Helaman 8:21 Textual Variants

Royal Skousen
and now will ye dispute that Jerusalem was [not 1| ABCDEFGHIJKLMNOPQRST] destroyed will ye say that the sons of Zedekiah were not slain all except it were Muloch yea and do ye not behold that the seed of Zedekiah are with us and they were driven out of the land of Jerusalem

The printer’s manuscript had the negative not in the that-clause following the verb dispute. The 1830 typesetter accidentally, it would appear, dropped the not. The point of this passage is that Nephi’s audience knew that Jerusalem had been destroyed and that all the sons of Zedekiah had been slain except for Muloch. Until the Nephites discovered the people of Zarahemla, they had no confirmation of Lehi’s original prophecy hundreds of years earlier that Jerusalem would be destroyed (see 1 Nephi 1:13). Here in Helaman 8, Nephi is giving his listeners an example of a ful- filled prophecy and rhetorically asking if they really believe it was not fulfilled. Note especially how the parallel yes-no question that follows also uses the negative not within its that-clause: “will ye say that the sons of Zedekiah were not slain / all except it were Muloch”. (For discussion of the name Muloch rather than Mulek, see under Mosiah 25:2.)
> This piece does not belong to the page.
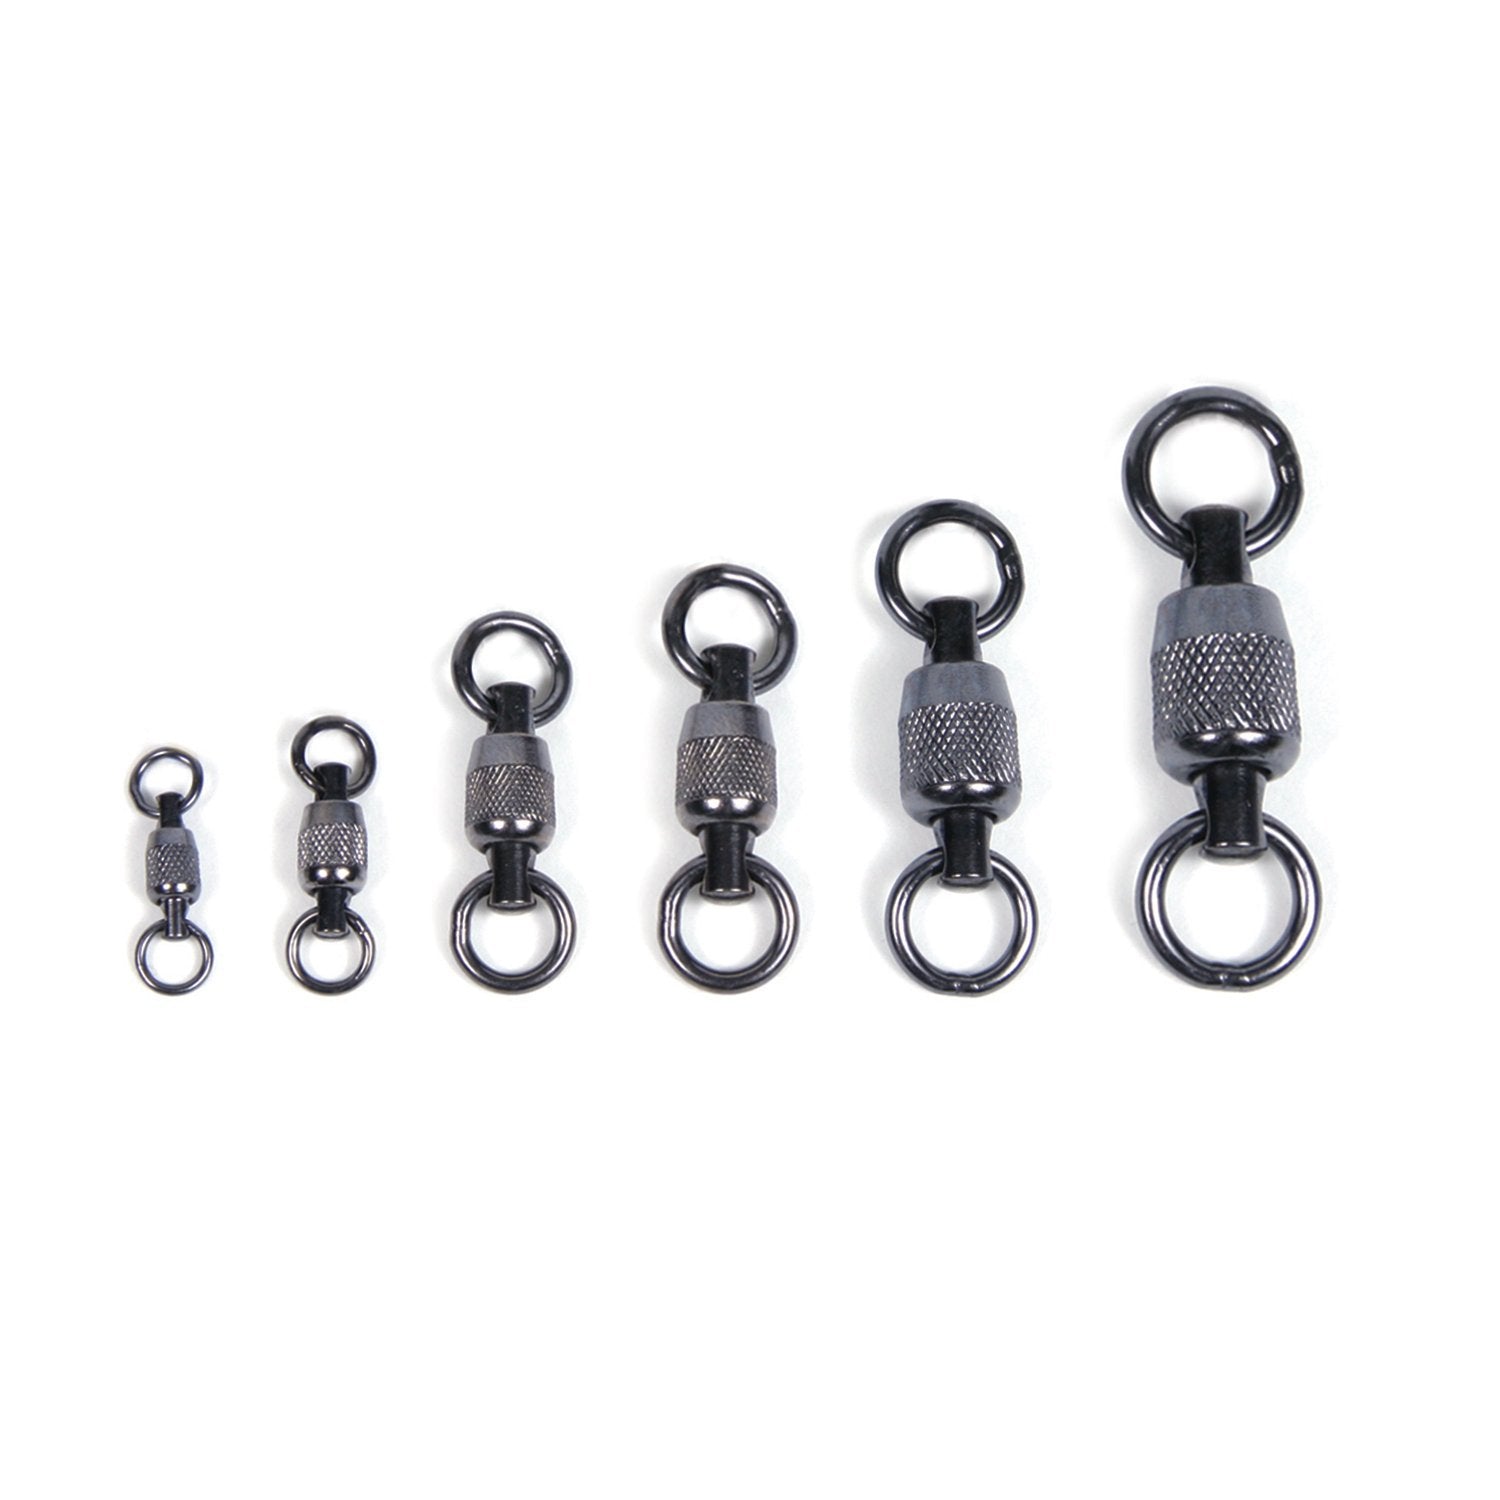 Stainless Steel Dual Rotation Ball Bearing Swivels 10 Pack
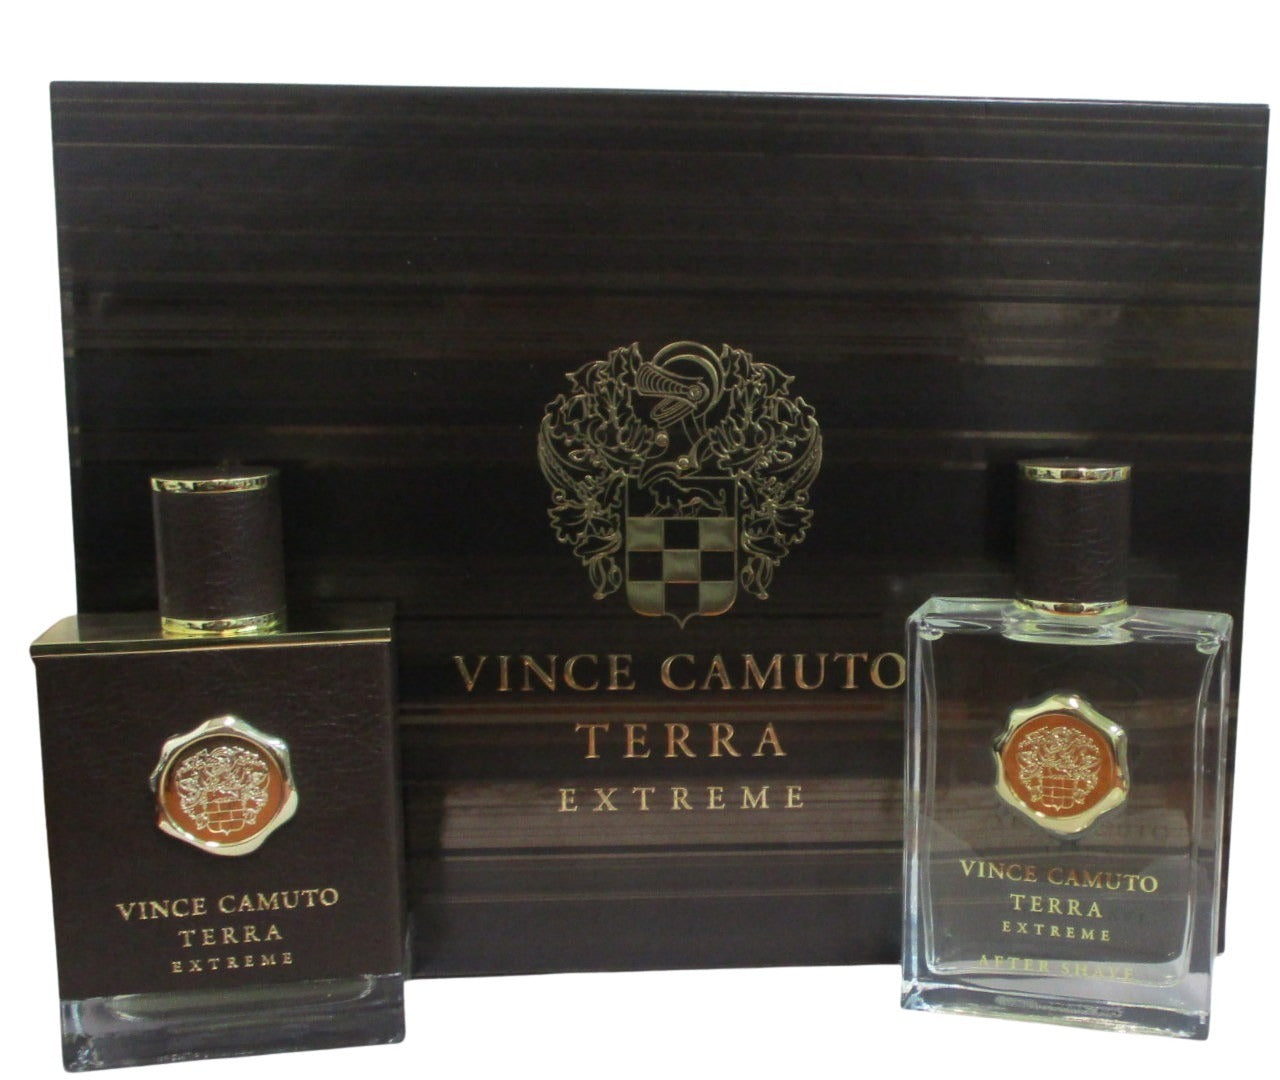 — Vince Camuto Terra Extreme

Part of the difficulty with this passage may have resulted from the unique way in which the verb dispute is used here in Helaman 8:21: there are no other examples in the Book of Mormon text where dispute is followed by a that-clause. Yet there is nothing wrong with the original text (“will ye dispute that Jerusalem was not destroyed”), the reading of the earliest extant text (the printer’s manuscript). The critical text will restore the not here.

Summary: Restore the original not in the that-clause following dispute, thus making the larger passage consistent in its use of not.